製備氧化鋅奈米柱於奈米金線上於可撓式電極及其光電化學特性

Abstract

在本論文中，我們利用電化學沉積法於可撓式電極上製備具高表面積的奈米金線結構 (長約10 - 20 nm, 直徑約 20 - 90 nm)，再將氧化鋅奈米柱 (長約100 - 150 nm, 直徑約 90 - 110 nm)電沉積於導電性良好的奈米金線表面，成功製備了此複合材料，可作為可撓式的光陽極。此複合材料因其結構可提高電子和電洞分離的效率以及電子傳導效率。在製備複合材料過程中，藉由調控實驗的伏特數以及硝酸鋅濃度，可以成功地在奈米金線上成長出不同形貌的氧化鋅納米結構。 接著在光電流測試中，將所製備的複合結構材料分別在紫外可見光以及可見光下進行測試。實驗結果顯示在含有紫外光的光源照射下，氧化鋅奈米柱沉積於奈米金線上其光電流值為 3.51 mA/cm2，且在十次開關燈後仍可得到光電流值2.91 mA/cm2。而在可見光光源照射下，則可得0.35 mA/cm2 的光電流。因此，此研究在未來為氫燃料世代中，預期此複合材料的發展在將來具有極高的發展潛力。

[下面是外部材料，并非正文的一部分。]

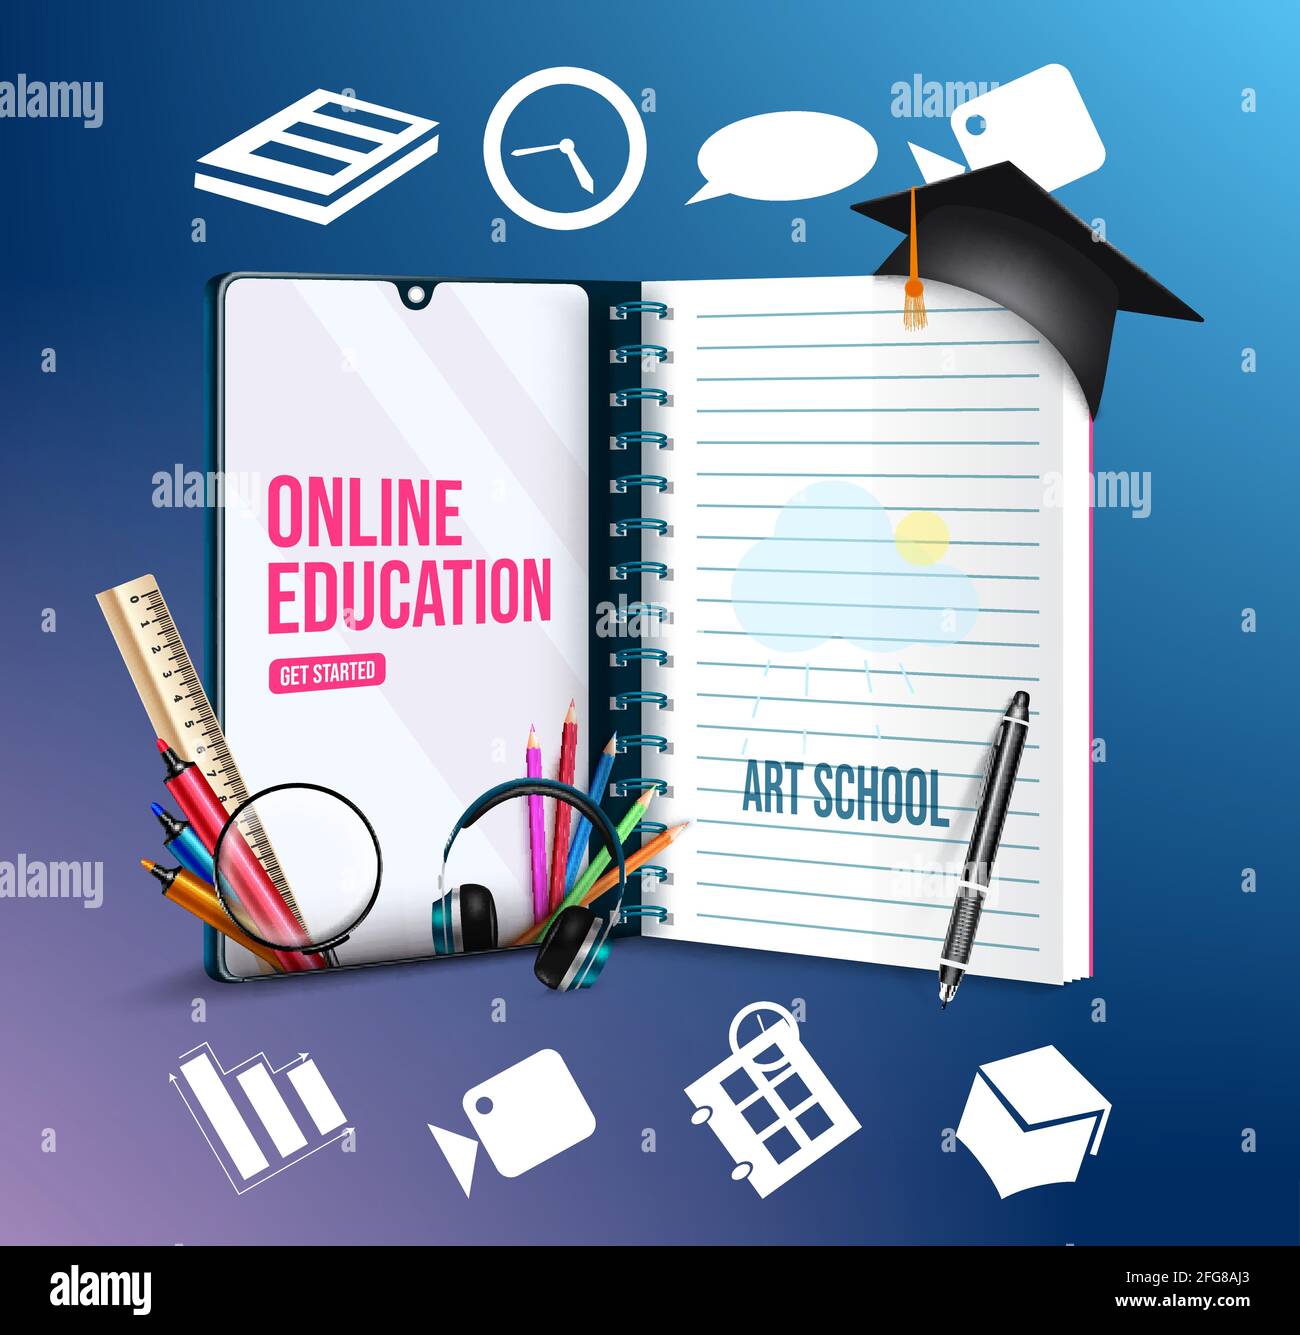 Online-Bildung Vektor Konzept-Design. Online-Bildung Art School Text in Handy mit Notebook und digitale Bildung Symbol für kreative. Stock Vektor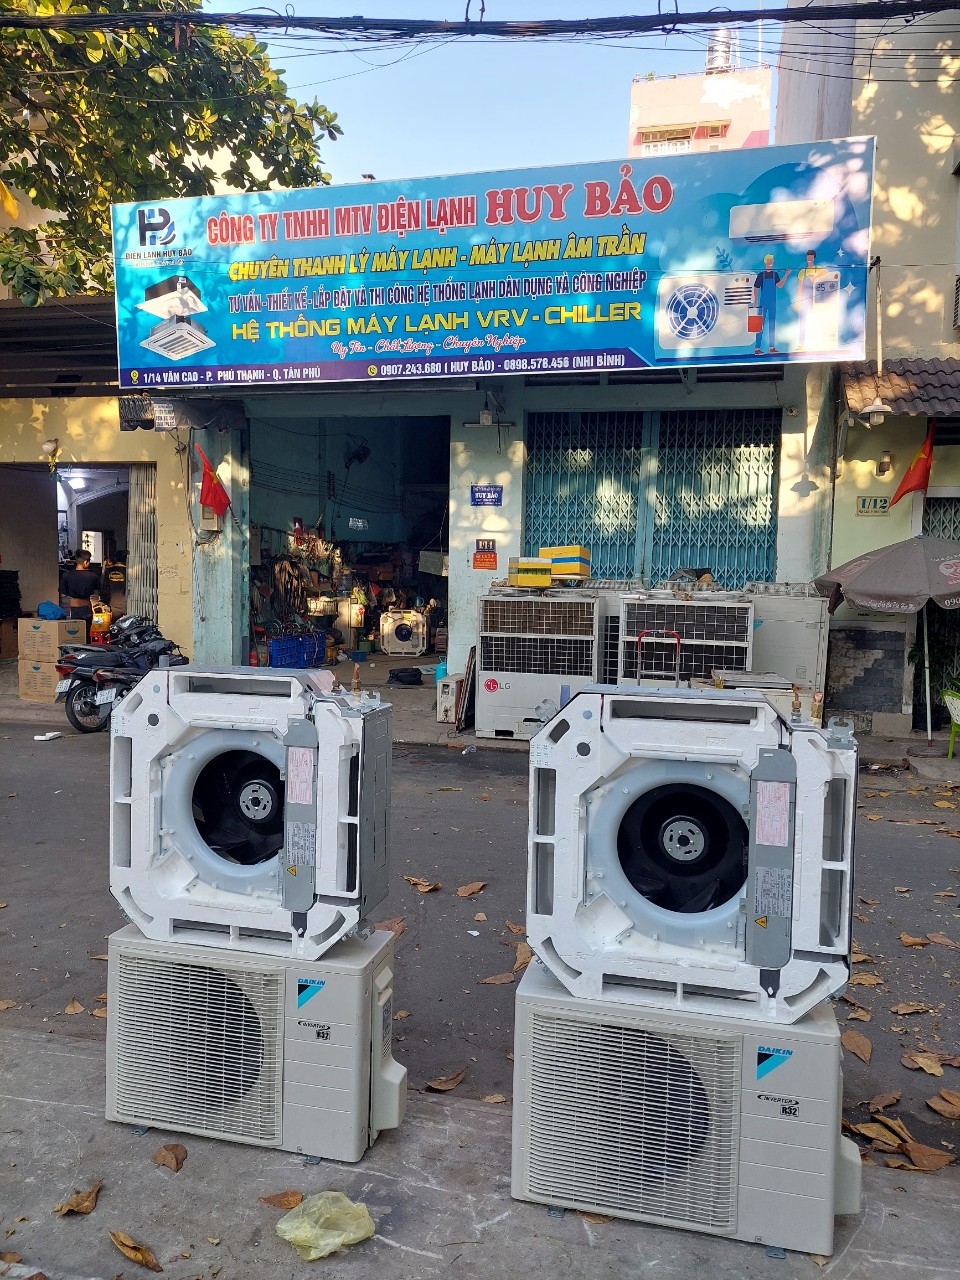 Mua bán máy lạnh cũ chính hãng Gò Vấp✔️ 0907 243 680 Mr.Bảo

In this study, we fabricated Au nanowires (NWs)/ZnO nanorods (NRs) hybrid material on flexible substrate as photoanode. This hybrid material is high surface area Au NWs (length 10 - 20 nm, diameter 20 - 90 nm), and loaded ZnO NRs (length 100 - 150 nm, diameter 90 - 110 nm) on its surface via direct current electrochemical deposition. By varying the applied potentials, and concentration of Zn(NO3)2, we successfully synthesized different nanostructures of ZnO loaded on Au NWs. The photocatalytic activity of the as-prepared hybrid material was investigated by the photocurrent generated under UV-Vis and visible light irradiations, respectively. In the photoelectrochemical test, Au NWs/ZnO could attain an improved photocurrent density of 3.51 mA/cm2 in UV-Visible irradiation; and 0.35 mA/cm2 in visible irradiation at + 1.0 V vs. Ag/AgCl. After 10 cycles under the UV-Visible light on/off illumination, 83 % of the original photocurrent was retained. As the whole, our working has opened a promising avenue to developing the photoanode for clean hydrogen fuel generation in the future.